* Work to complete
Give the listing again character for character, but drop the images.

* Information provided

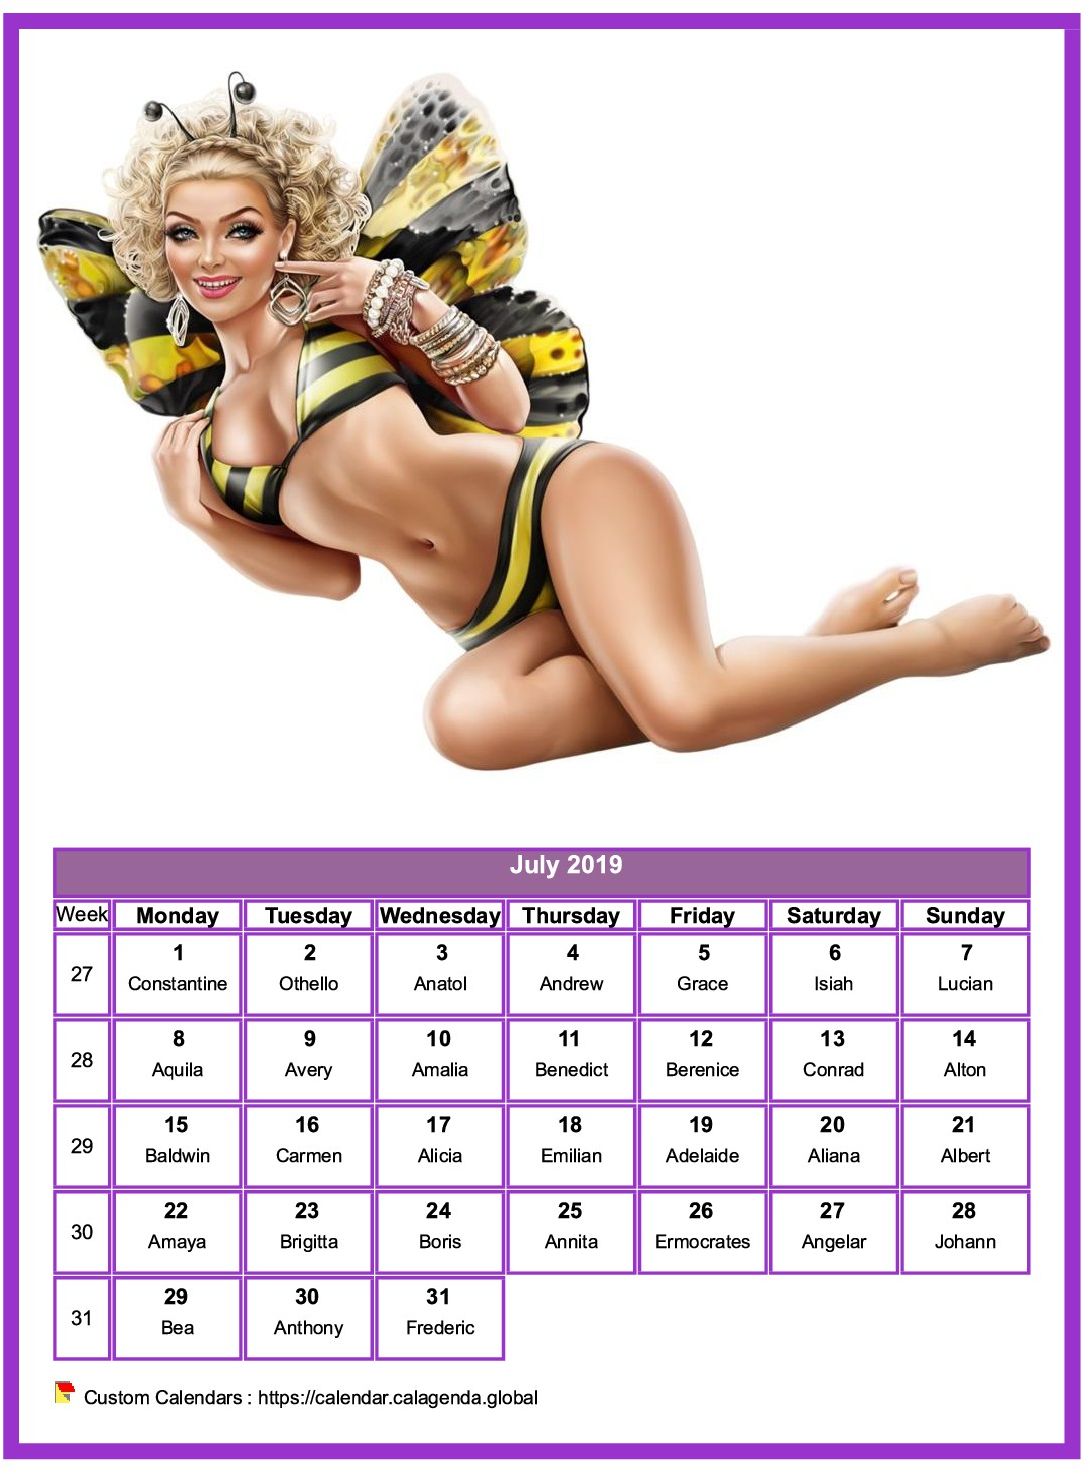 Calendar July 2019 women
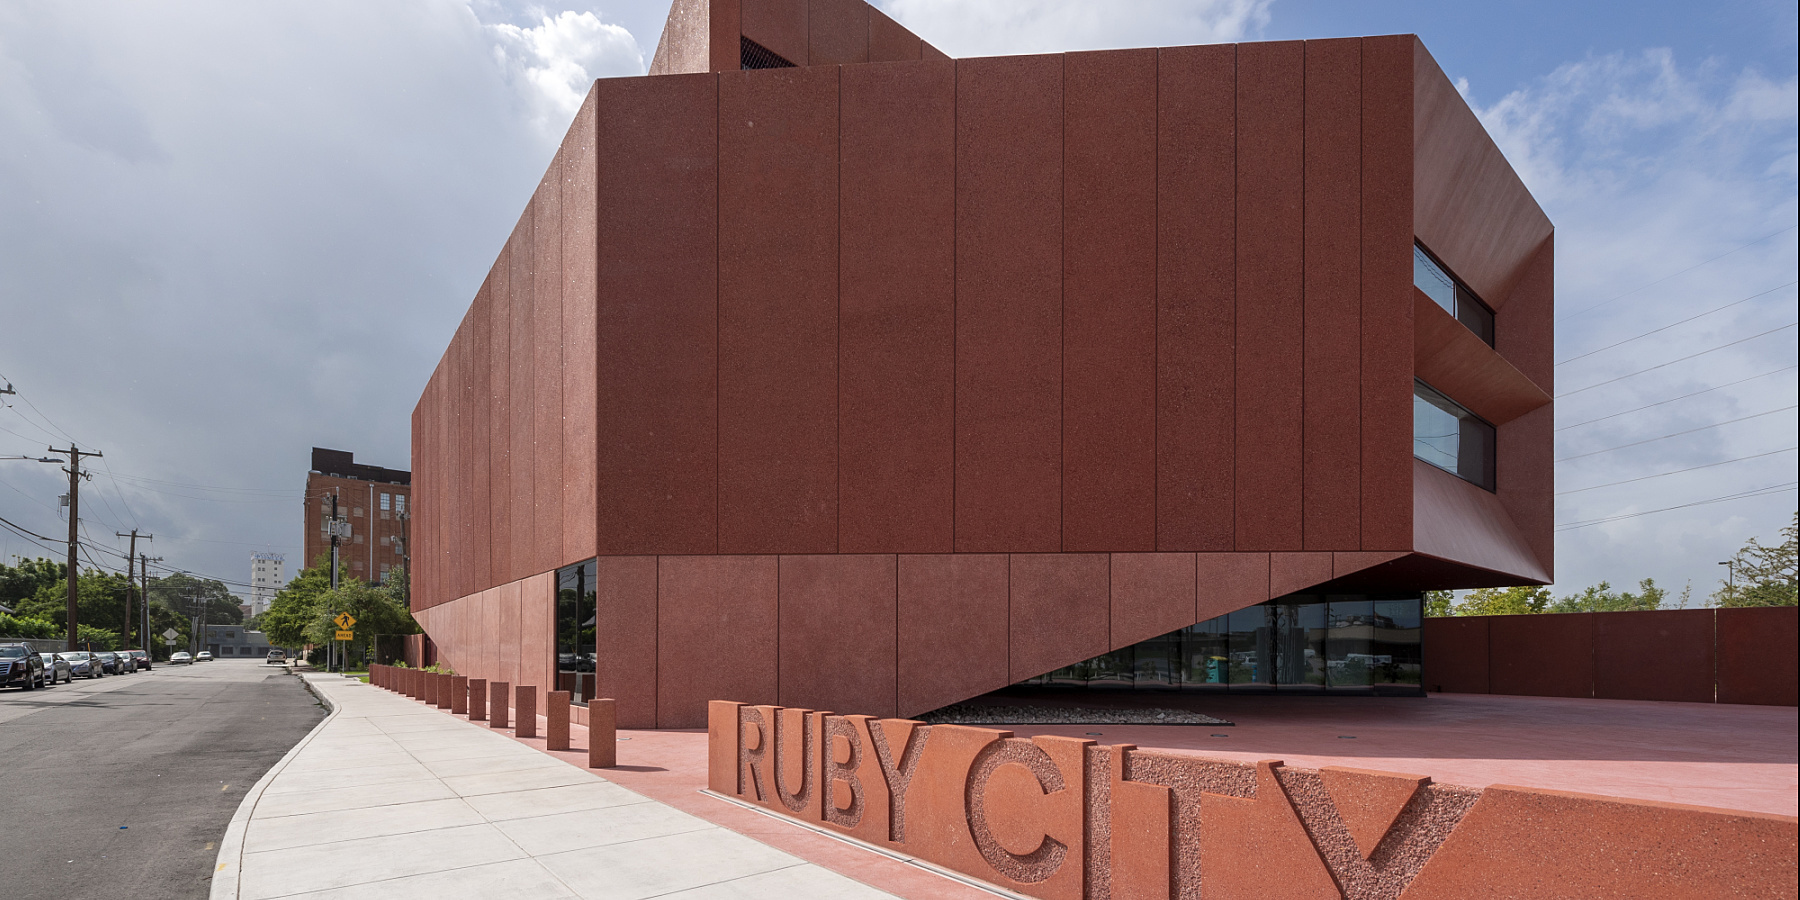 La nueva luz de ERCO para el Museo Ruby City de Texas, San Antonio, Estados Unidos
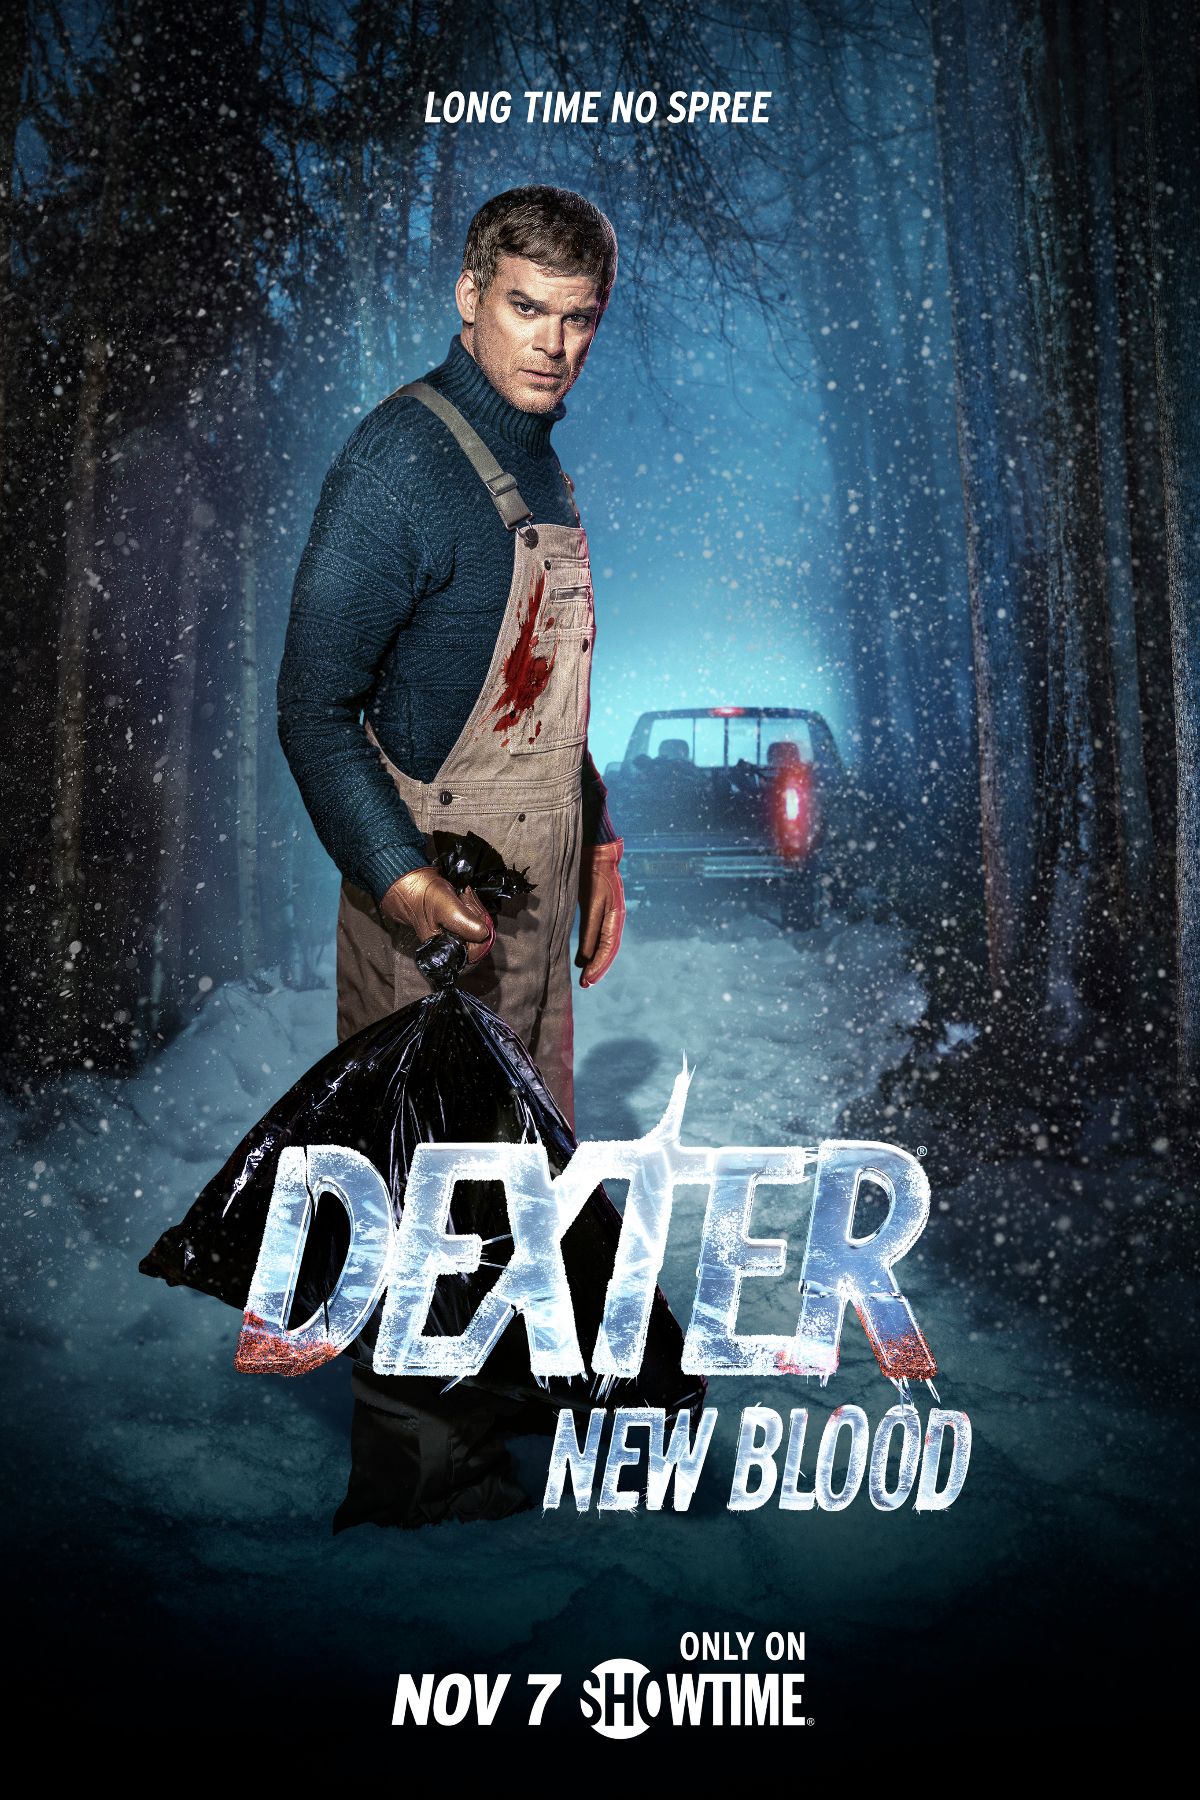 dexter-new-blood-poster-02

* Output of the task
 Calendar July 2019 women
 La nueva luz de ERCO para el Museo Ruby City de Texas, San Antonio, Estados Unidos
 dexter-new-blood-poster-02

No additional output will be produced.